Blesta uses PDO statements to insert into the database. When you create a PDO connection, you get to set the 'sql_mode'. Blesta's minPHP framework uses the system's default settings. It appears your system does NOT have the following enabled (system wide):
SET SQL_MODE='ALLOW_INVALID_DATES';
As mentioned earlier, when Blesta creates a PDO connection, it uses system defaults and not override anything for that session.

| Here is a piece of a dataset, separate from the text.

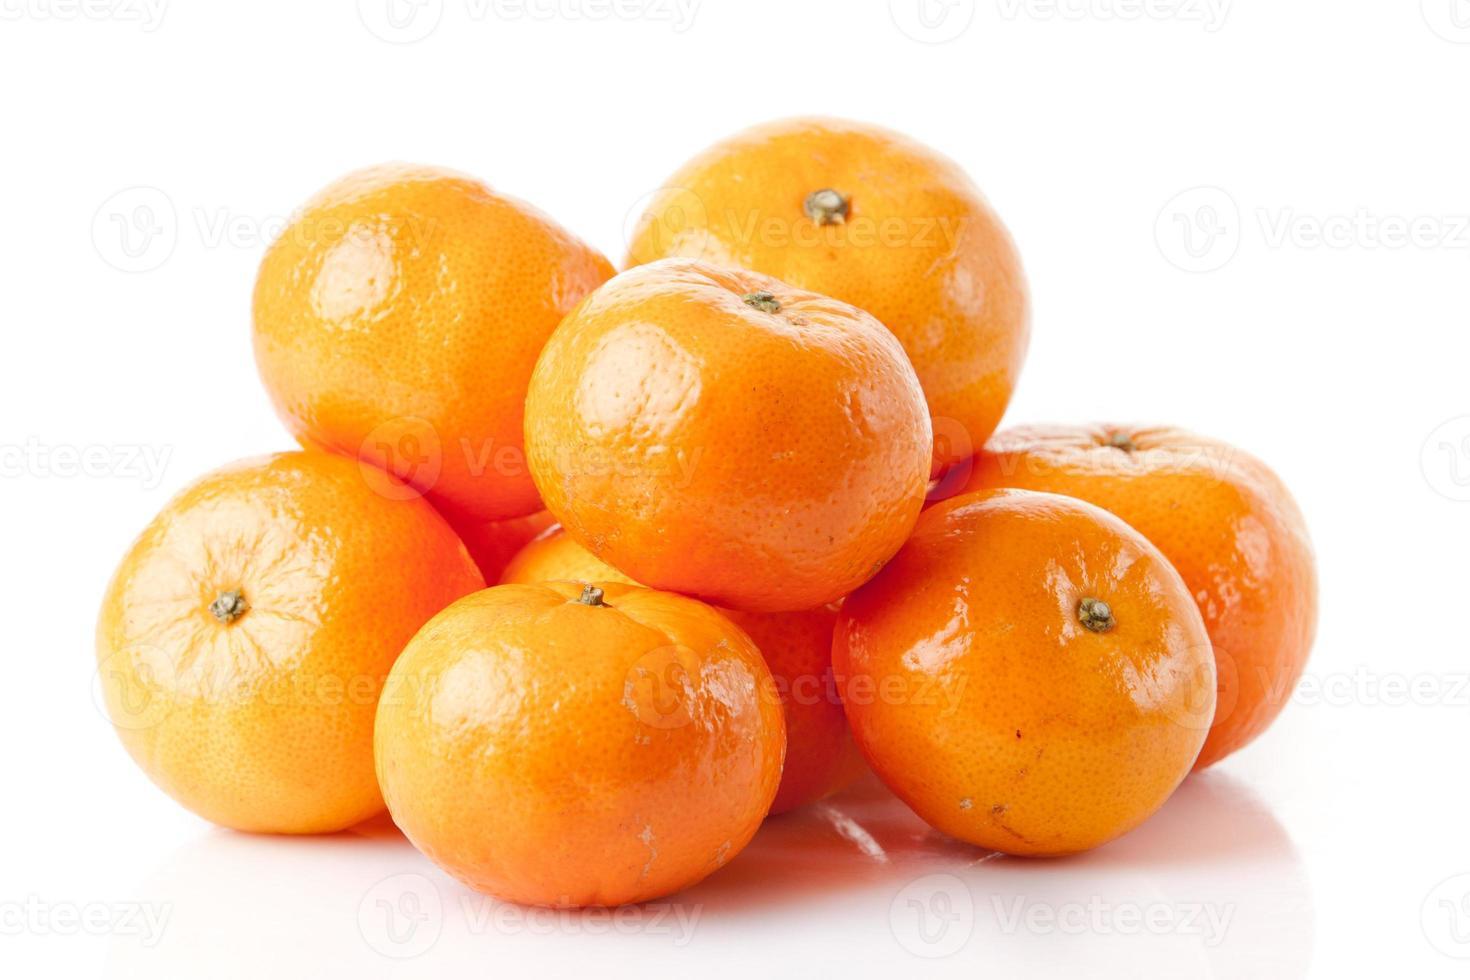 clementine photo
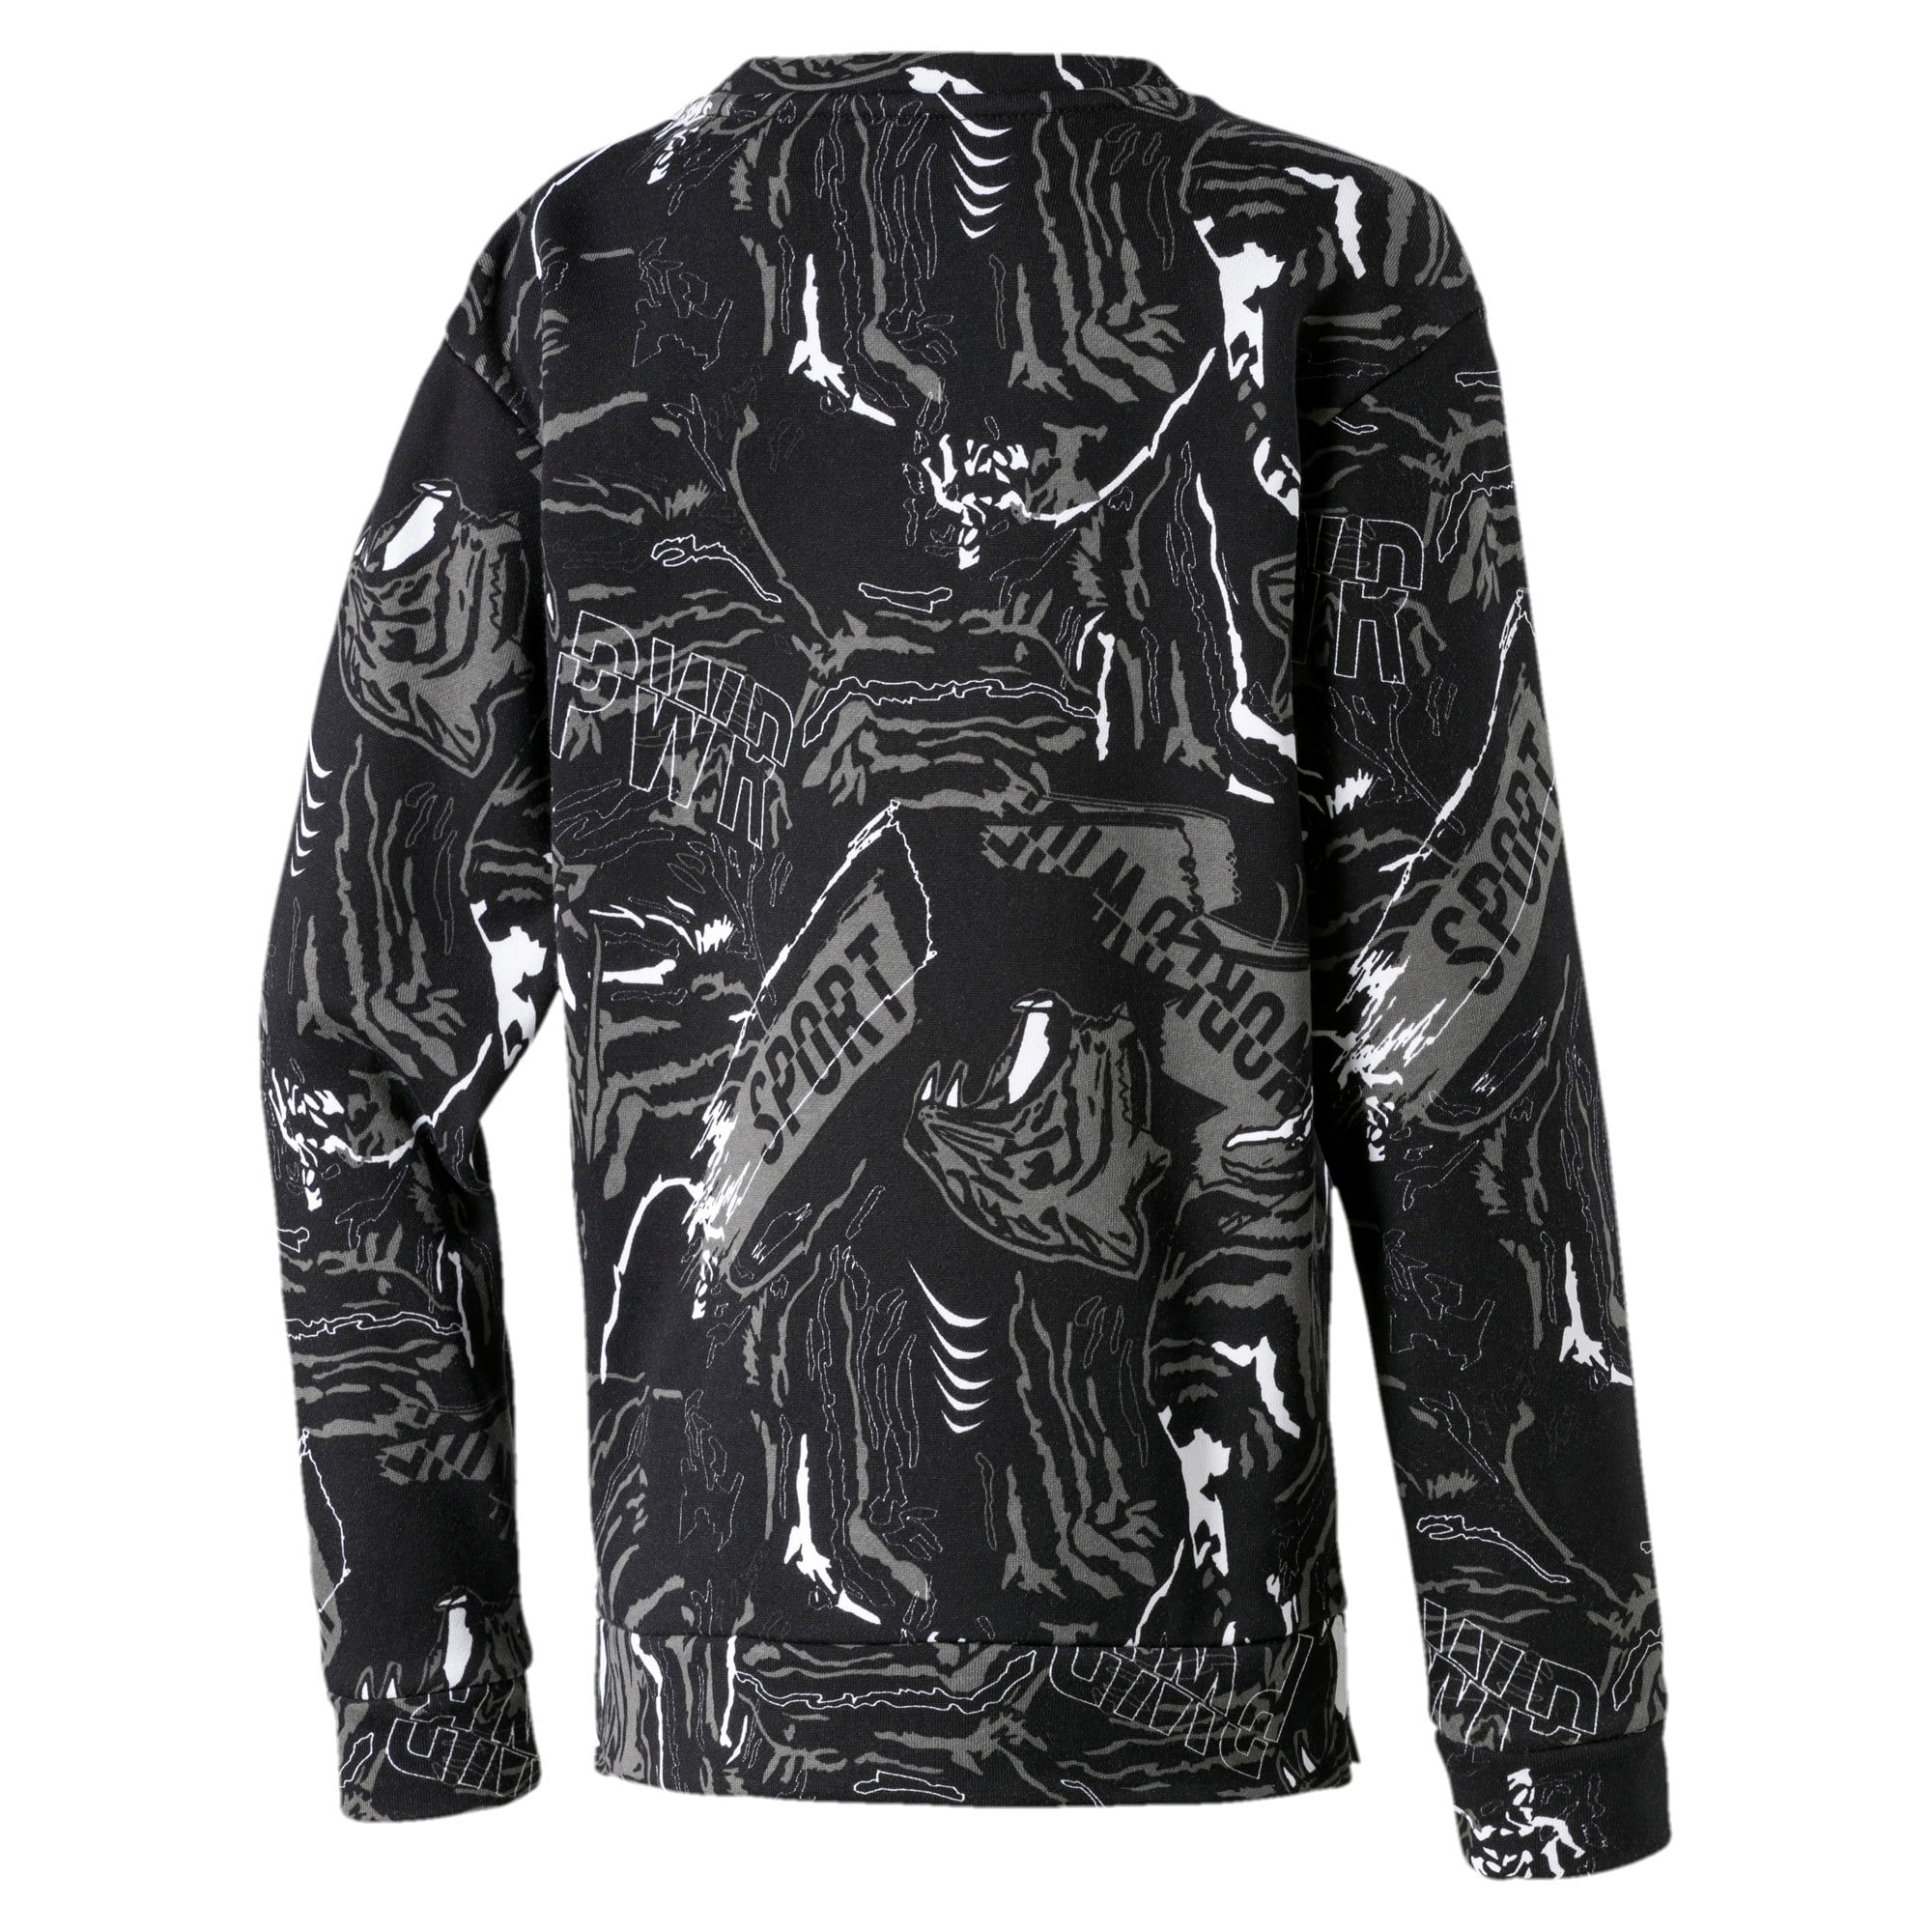 Thumbnail 2 of Alpha Graphic Long Sleeve Boys' Shirt, Puma Black, medium-IND

Why is this important, because PHP's date('c') produces invalid datetime for MySQL. Its explained fairly well in their documentation:
https://dev.mysql.com/doc/refman/5.6/en/sql-mode.html#sqlmode_allow_invalid_dates
You can see it live from a system I created to reproduce the issue:
MariaDB [datetest]> select @@sql_mode;
+----------------------------------------------------------------+
| @@sql_mode |
+----------------------------------------------------------------+
| STRICT_TRANS_TABLES,NO_AUTO_CREATE_USER,NO_ENGINE_SUBSTITUTION |
+----------------------------------------------------------------+
1 row in set (0.00 sec)
MariaDB [datetest]> INSERT INTO test (id, col1) VALUES (NULL, '2017-04-25T05:04:57+00:00');
ERROR 1292 (22007): Incorrect datetime value: '2017-04-25T05:04:57+00:00' for column 'col1' at row 1
MariaDB [datetest]> set @@sql_mode='ALLOW_INVALID_DATES';
Query OK, 0 rows affected (0.00 sec)
MariaDB [datetest]> INSERT INTO test (id, col1) VALUES (NULL, '2017-04-25T05:04:57+00:00');
Query OK, 1 row affected, 1 warning (0.01 sec)
MariaDB [datetest]> show warnings;
+---------+------+-------------------------------------------+
| Level | Code | Message |
+---------+------+-------------------------------------------+
| Warning | 1265 | Data truncated for column 'col1' at row 1 |
+---------+------+-------------------------------------------+
1 row in set (0.00 sec)
MariaDB [datetest]> select * from test;
+----+---------------------+
| id | col1 |
+----+---------------------+
| 10 | 2017-04-25 05:04:57 |
+----+---------------------+
1 row in set (0.01 sec)
MariaDB [datetest]>
You will notice that datetime format is different then what we inserted because date('c') from PHP is not accepted by MySQL.
Again, issue is with your environment. Tricky to find if you do not have experience.